Шелли и Китc

We use cookies. Read the Privacy and Cookie Policy

Шелли и Китc

17 февраля 1933 г.

По-видимому, произведенная Вордсвортом революция имела далеко идущие последствия. Дело не в том, что он был первым поэтом, который представил себя вдохновенным пророком, — к тому же это не совсем тот случай. Блейк мог с некоторым правом претендовать на обладание тайнами неба и ада, но в своих притязаниях он не снисходил к "поэту"; он просто был визионером и использовал поэзию, чтобы рассказать свои видения. Скотт и Байрон, в наиболее популярных своих сочинениях, — просто светские забавники. В неустойчивой ситуации того времени Вордсворт, действительно, первый присвоил новое полномочие поэта вмешиваться в общественные дела и нашел новый вид религиозного чувства, осмысление которого казалось особенной прерогативой поэта. С тех пор, как Мэтью Арнольд сделал подборку произведений Вордсворта, стало общепринятым говорить, что истинное поэтическое величие Вордсворта не зависит от его мнений, теории поэтического языка или натурфилософии, и что оно присутствует в тех стихотворениях, где он вообще не имел никаких тайных целей. Боюсь, как бы этот критический эклектизм не зашел слишком далеко; я не уверен, что мы способны оценить поэзию или наслаждаться ею, абсолютно не принимая в расчет те вещи, которые глубоко занимали автора и на которые он ориентировался в своих художественных произведениях. Если мы будем пренебрегать интересами и убеждениями Вордсворта, что останется, хотелось бы знать? Нужно ли их отбросить, держать в уме или же осознанно формулировать, наслаждаясь поэзией, для того, чтобы оценить по достоинству его поэтическое величие? Обратимся, например, к одному из прекраснейших поэтов первой половины девятнадцатого века — Лэндору. Он — неоспоримый мастер стиха и прозы, автор, по крайней мере, одной длинной поэмы, заслуживающей того, чтобы ее читали чаще, чем читают сейчас; но его репутация никогда не была настолько высока, чтобы сравнивать его с Вордсвортом или младшими поэтами, которыми мы сейчас займемся. Мы отводим Вордсворту первое место не только по количеству поэм или по числу отдельных строчек, выражающих более глубокое чувство, чем то, на которое способен Лэндор; в его величии есть что-то существенное. Его место в истории литературы, о которой мы должны помнить, значимо. Оценивая величие поэта, нужно учитывать также историю его восхождения. Вордсворт — существенная часть истории; Лэндор — только великолепный побочный продукт.

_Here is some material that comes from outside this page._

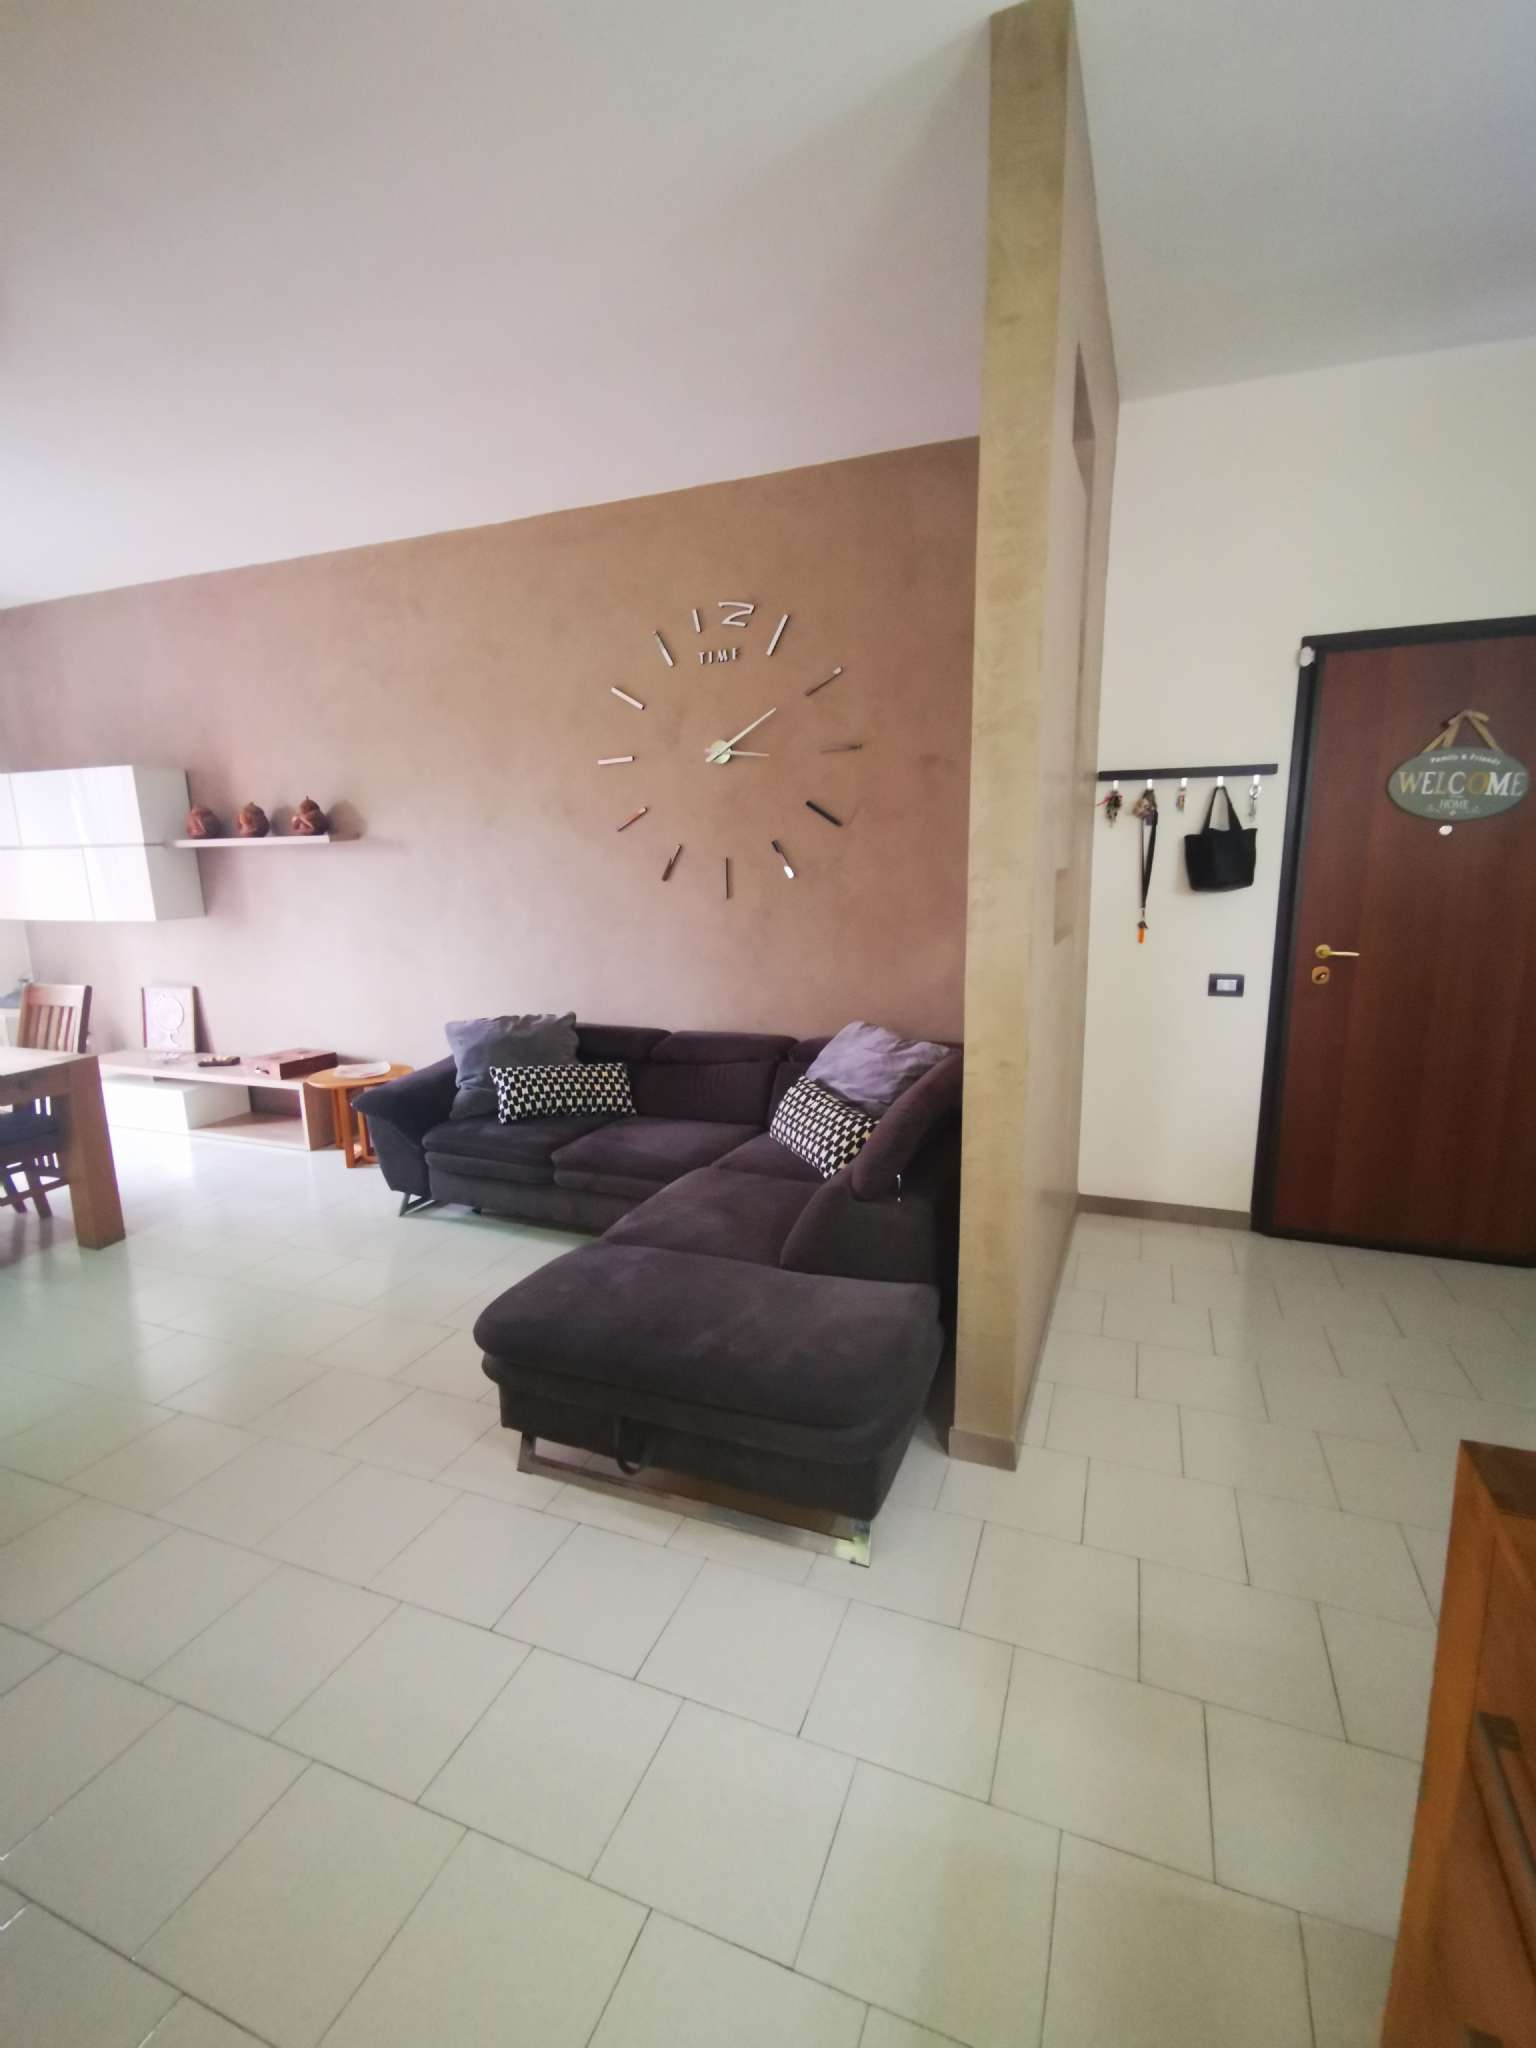 Appartamento in vendita a Vaiano Cremasco, 3 locali, prezzo € 110.000   PortaleAgenzieImmobiliari.it

Шелли также обладал литературно-критической теорией и использовал поэзию для выражения своих взглядов. Нас сразу же поражает у него обилие вещей, входящих в компетенцию поэзии; мы не знаем, чего ожидать от автора, который в примечании о вегетарианстве сообщает, что "орангутанг вполне походит на человека как расположением, так и числом своих зубов". Действительно, примечания к "Королеве Мэб" выражают лишь взгляды умного и восторженного школьника, но этот школьник умеет писать; и на протяжении всей своей работы, не малой для короткой жизни, он не дает нам забыть, что серьезно относится к своим идеям. Идеи Шелли всегда казались мне юношескими, и не без основания. Энтузиазм Шелли тоже кажется мне юношеским: у многих из нас юность прошла под знаком Шелли, но для многих ли он остается спутником взрослой жизни? Признаюсь, я никогда не открываю книгу его стихов просто потому, что хочу почитать стихи, а только тогда, когда нуждаюсь в какой-нибудь специальной ссылке. Я нахожу его идеи отталкивающими; а отделить Шелли от его идей и убеждений труднее, чем Вордсворта. Поскольку биография Шелли всегда вызывала интерес, и трудно читать его поэзию, не помня о человеке: а человек он был неостроумный, педантичный, эгоцентрик, иногда почти подлец. Исключая случайный проблеск проницательности, когда он говорит о ком-нибудь другом и не сосредотачивается на собственных делах или на изяществе стиля, его письма невыносимо скучны. Он составляет удивительную противоположность привлекательному Китсу. Правда, Вордсворт тоже был не очень приятной личностью, но я наслаждаюсь его поэзией так, как не могу наслаждаться поэзией Шелли, и, более того, сейчас она нравится мне больше, чем тогда, когда я читал ее впервые. Я могу лишь наощупь определить (насколько возможно умеряя свои предубеждения), почему поэтическая ошибка Шелли сильнее вводит меня в ярость. Шелли, по-видимому, в высшей степени обладал необычным свойством страстного восприятия абстрактных идей. Другой вопрос, не обманывался ли он иногда относительно собственных чувств (сбитые с толку философией "Эпипсихидиона" мы склонны в это поверить).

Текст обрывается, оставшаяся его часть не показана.